» About this exercise
Where the lines below hold images, skip those and copy every word exactly.

» Given material
____

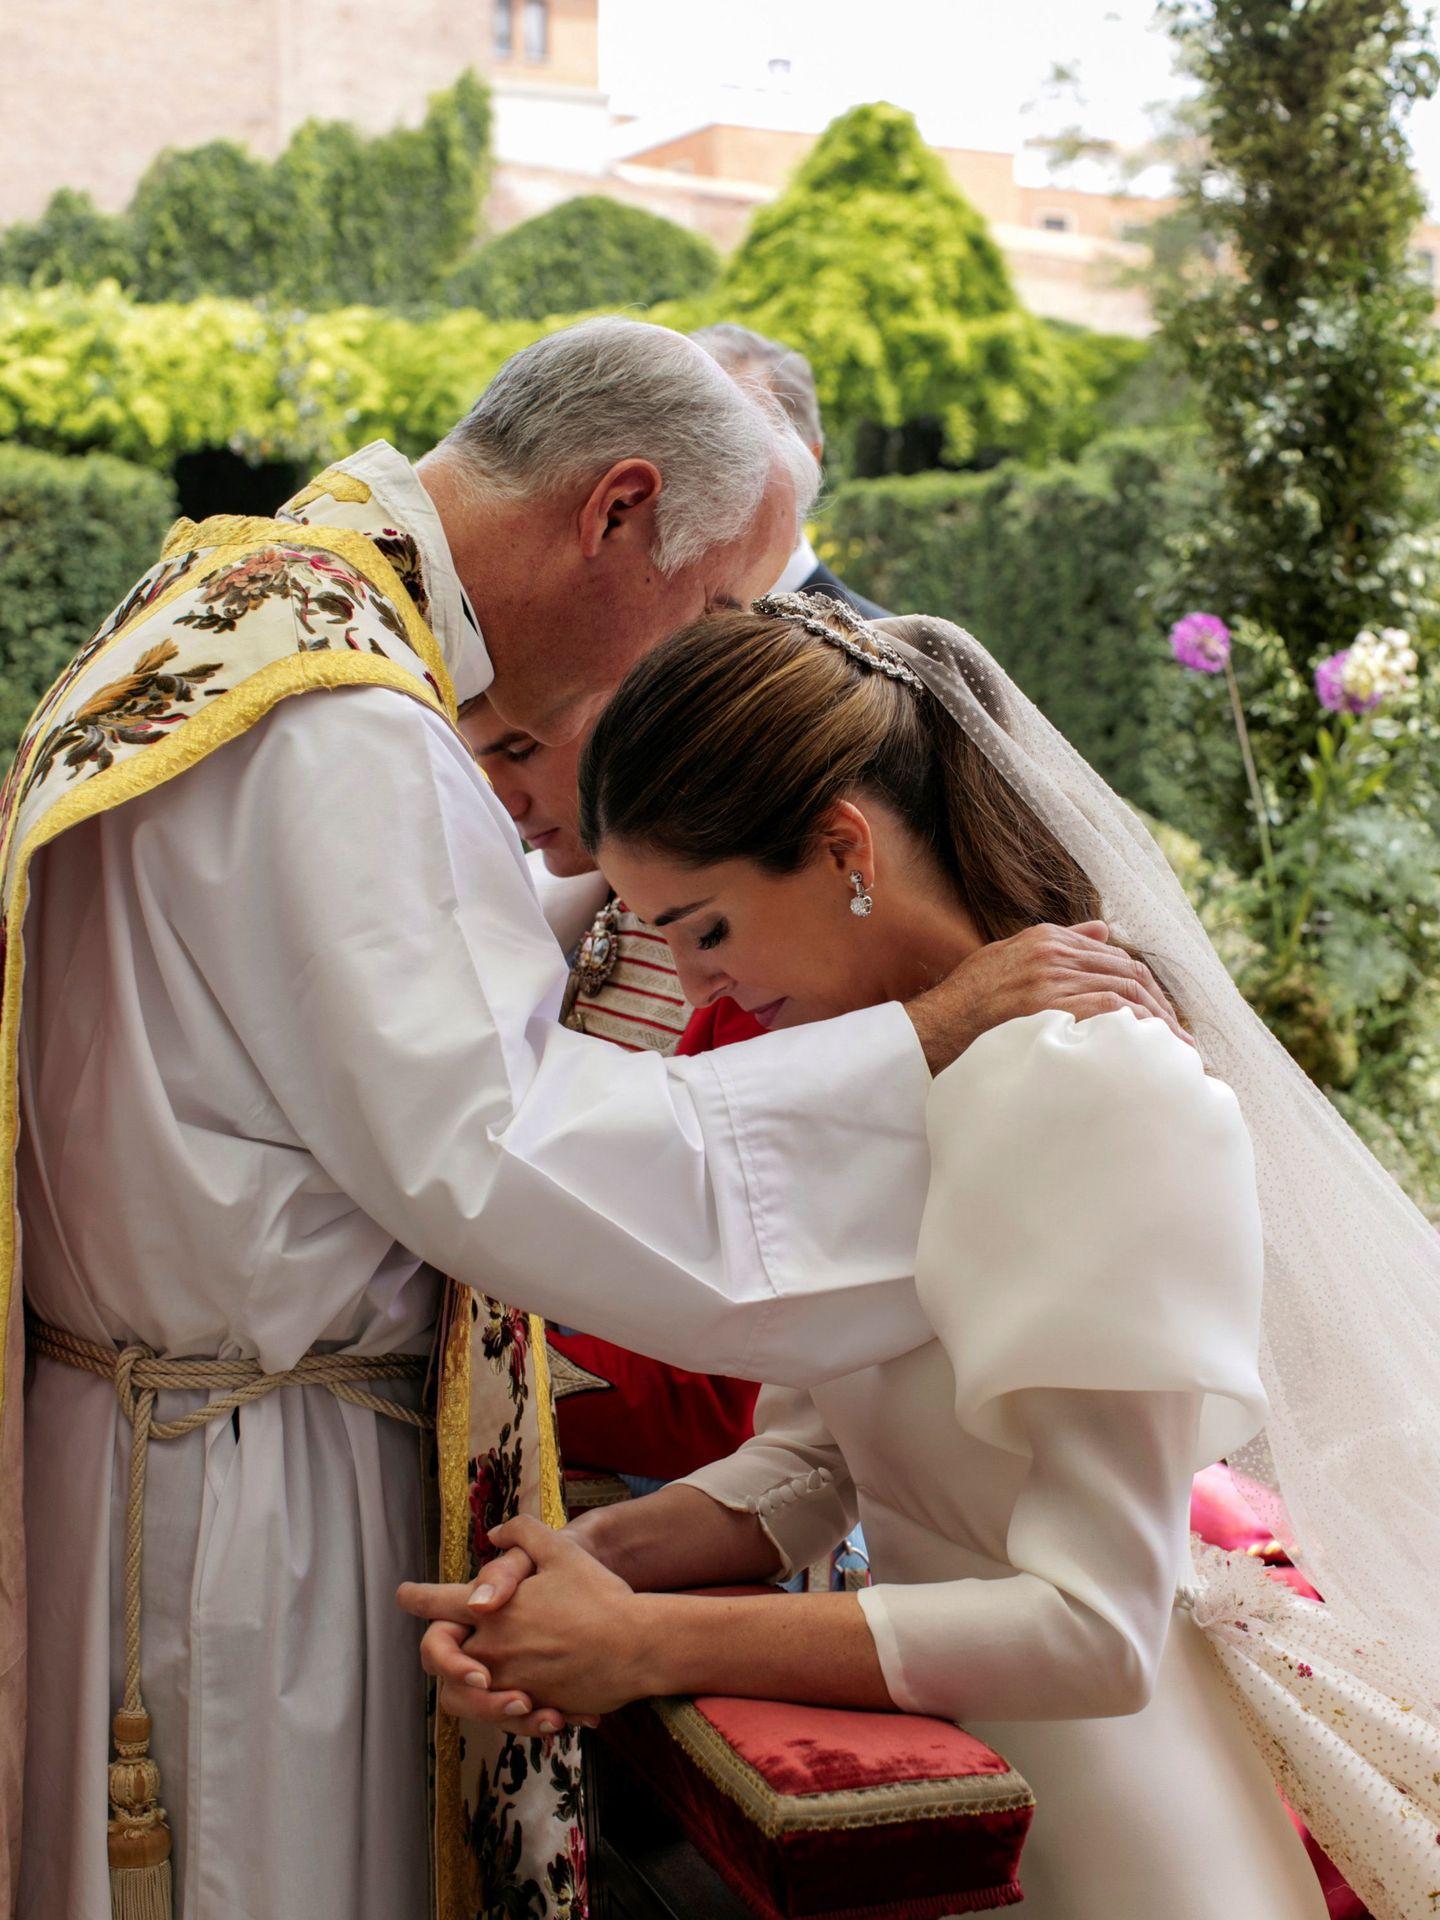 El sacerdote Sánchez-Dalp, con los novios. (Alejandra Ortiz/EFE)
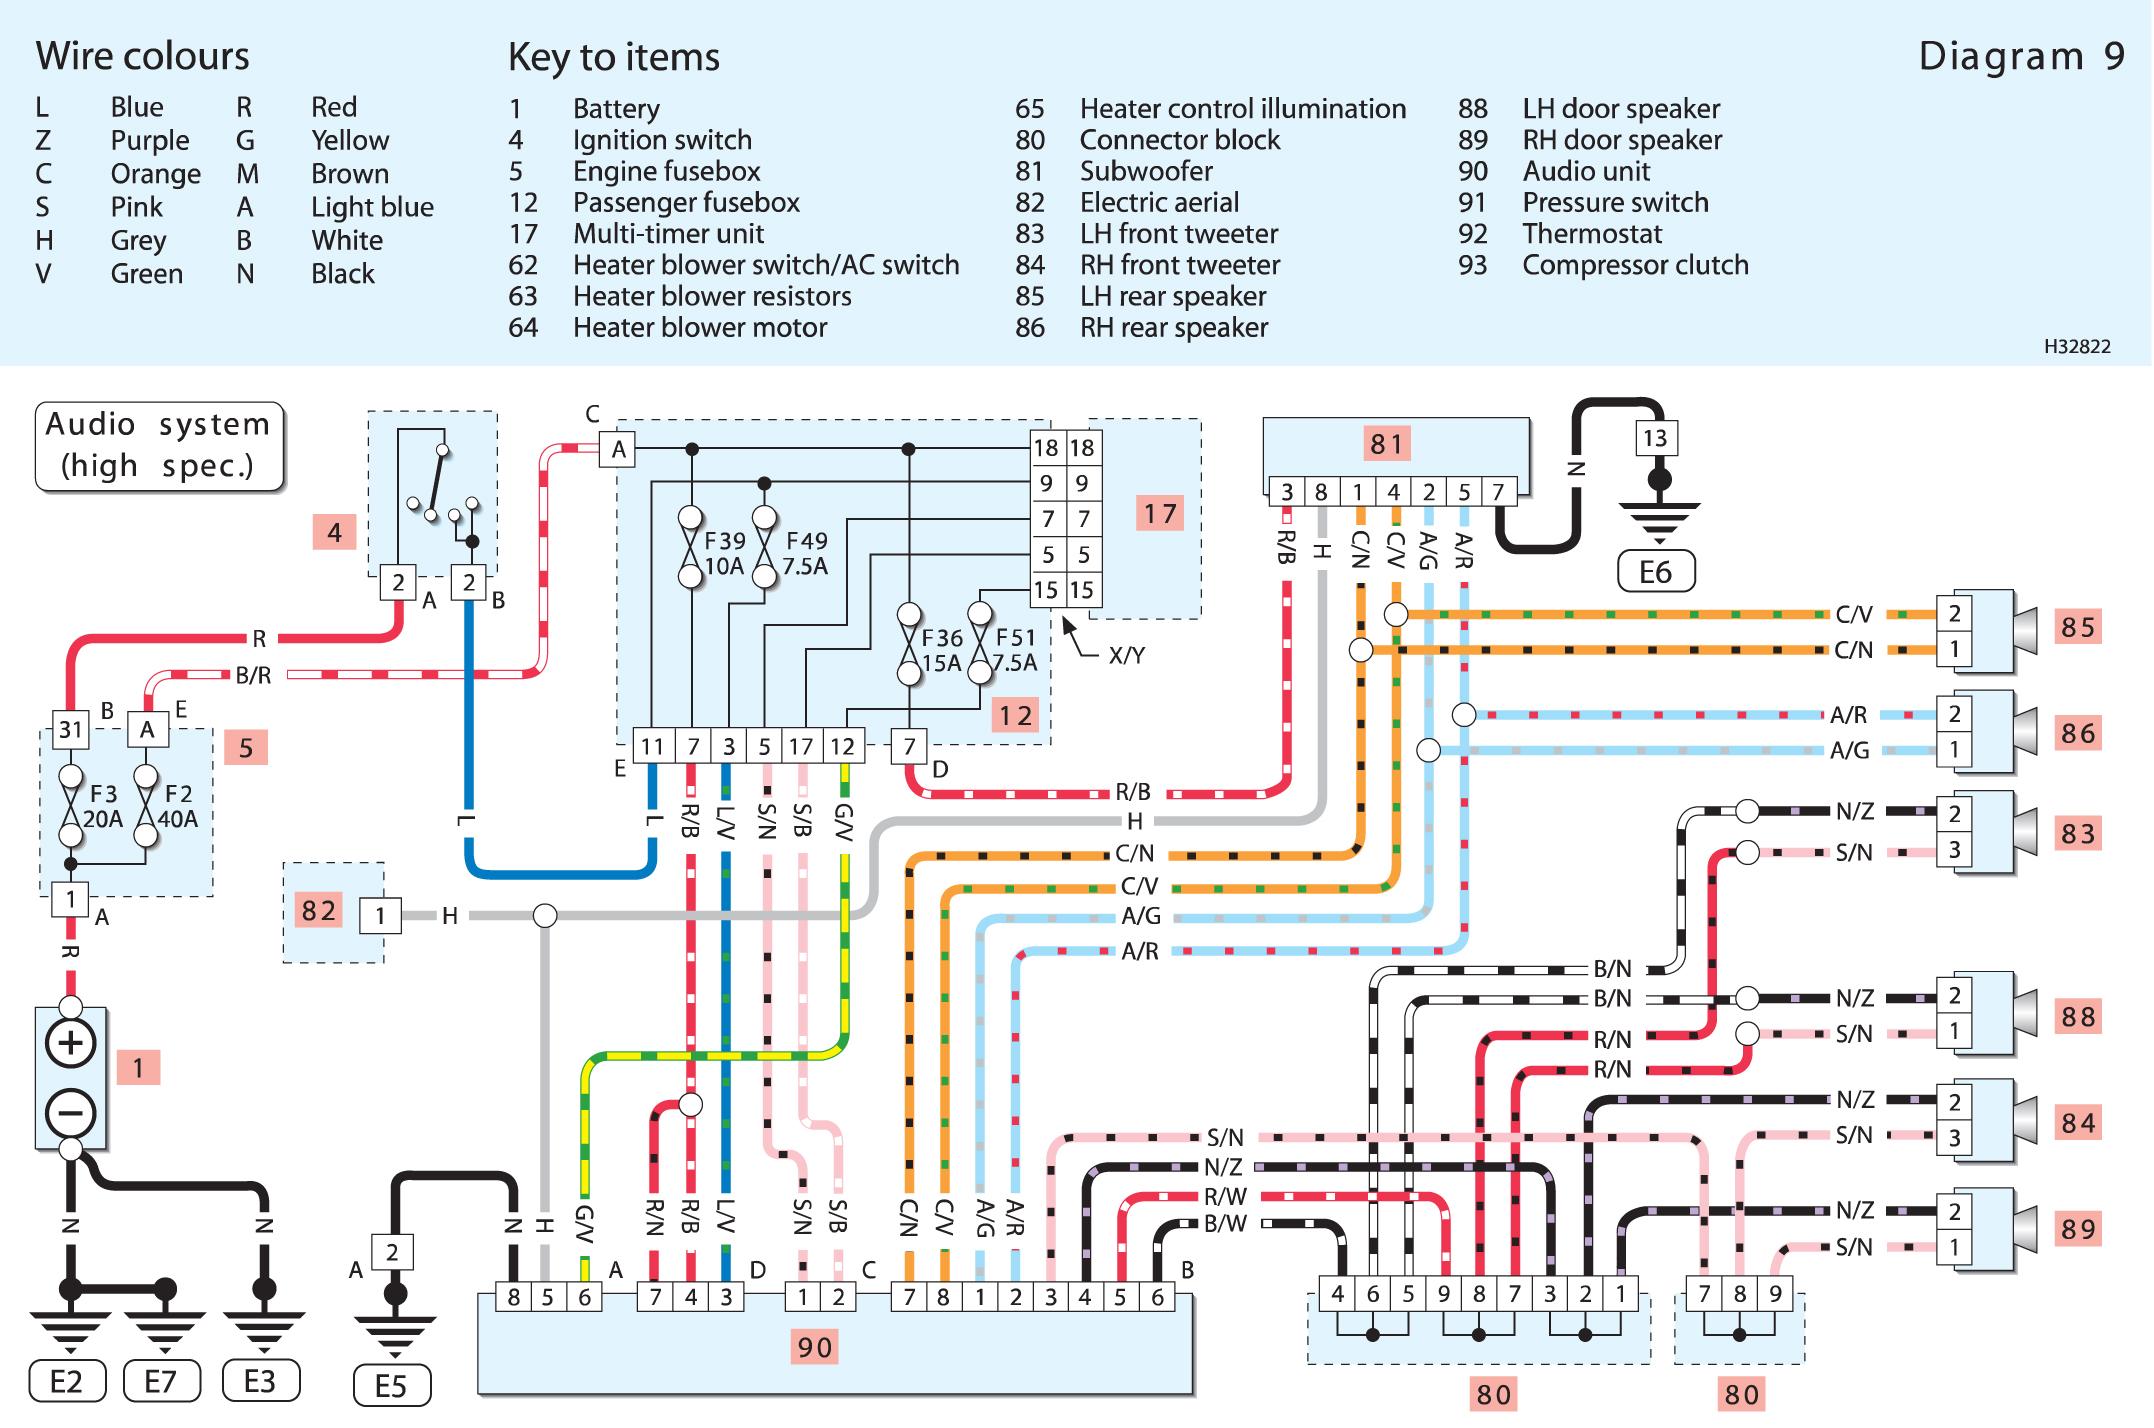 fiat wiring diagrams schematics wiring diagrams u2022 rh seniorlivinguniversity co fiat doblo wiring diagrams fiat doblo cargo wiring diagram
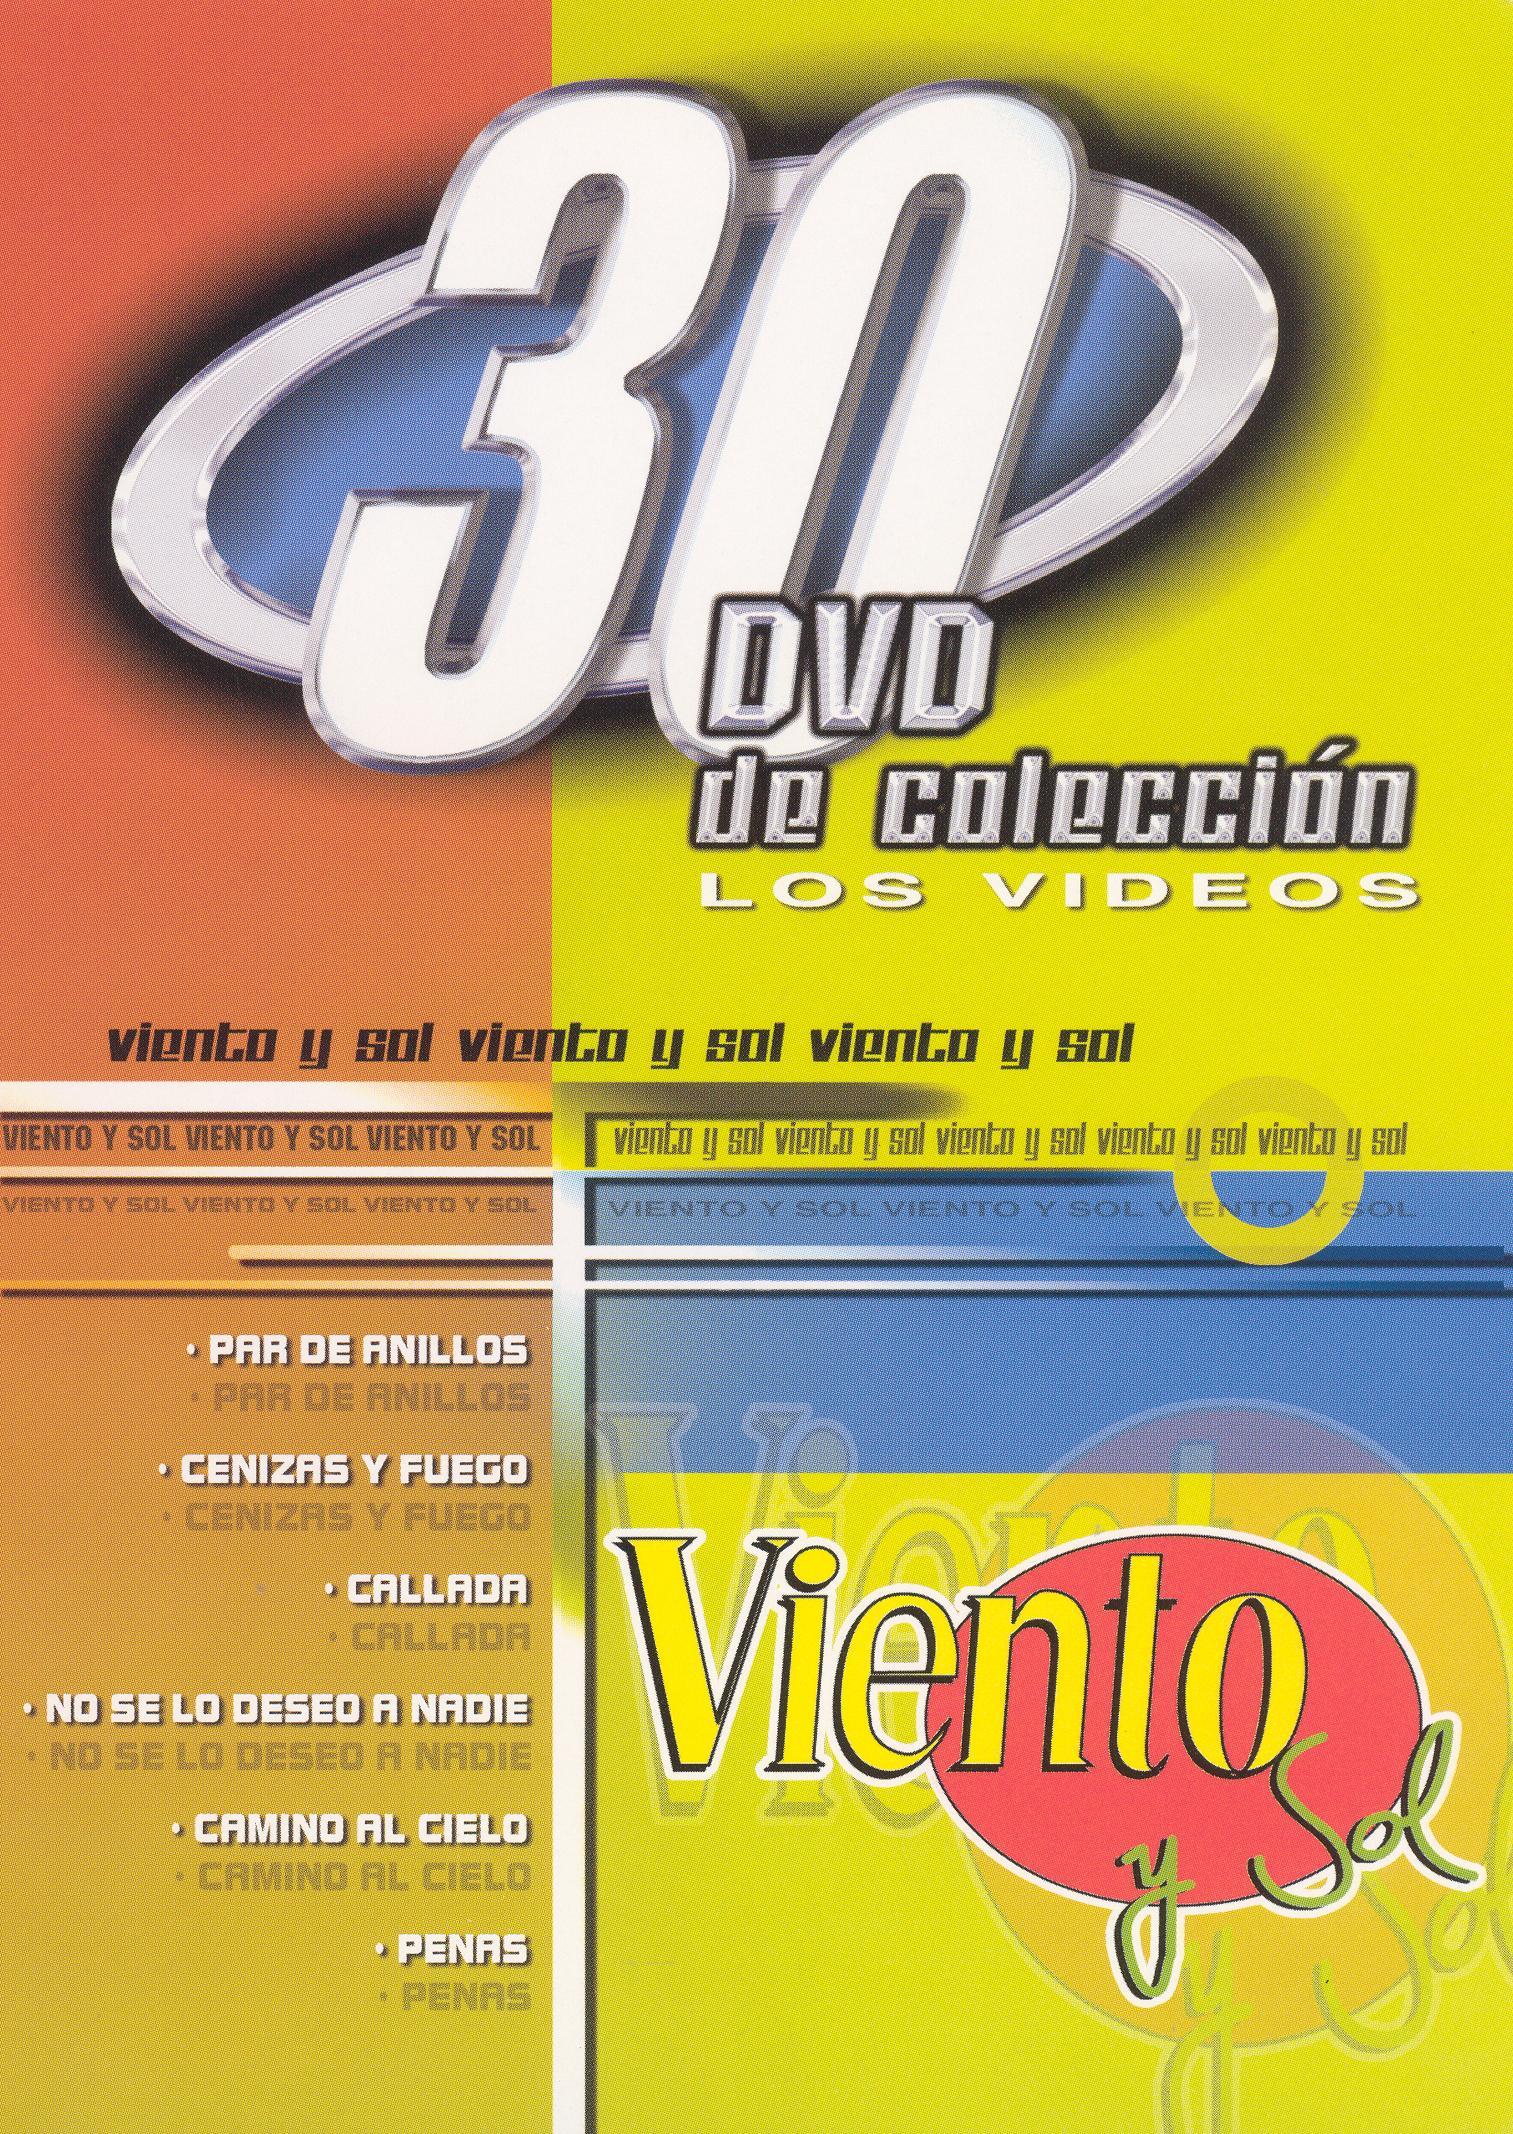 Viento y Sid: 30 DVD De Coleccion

____

» Response area
 El sacerdote Sánchez-Dalp, con los novios. (Alejandra Ortiz/EFE)
 fiat wiring diagrams schematics wiring diagrams u2022 rh seniorlivinguniversity co fiat doblo wiring diagrams fiat doblo cargo wiring diagram
 Viento y Sid: 30 DVD De Coleccion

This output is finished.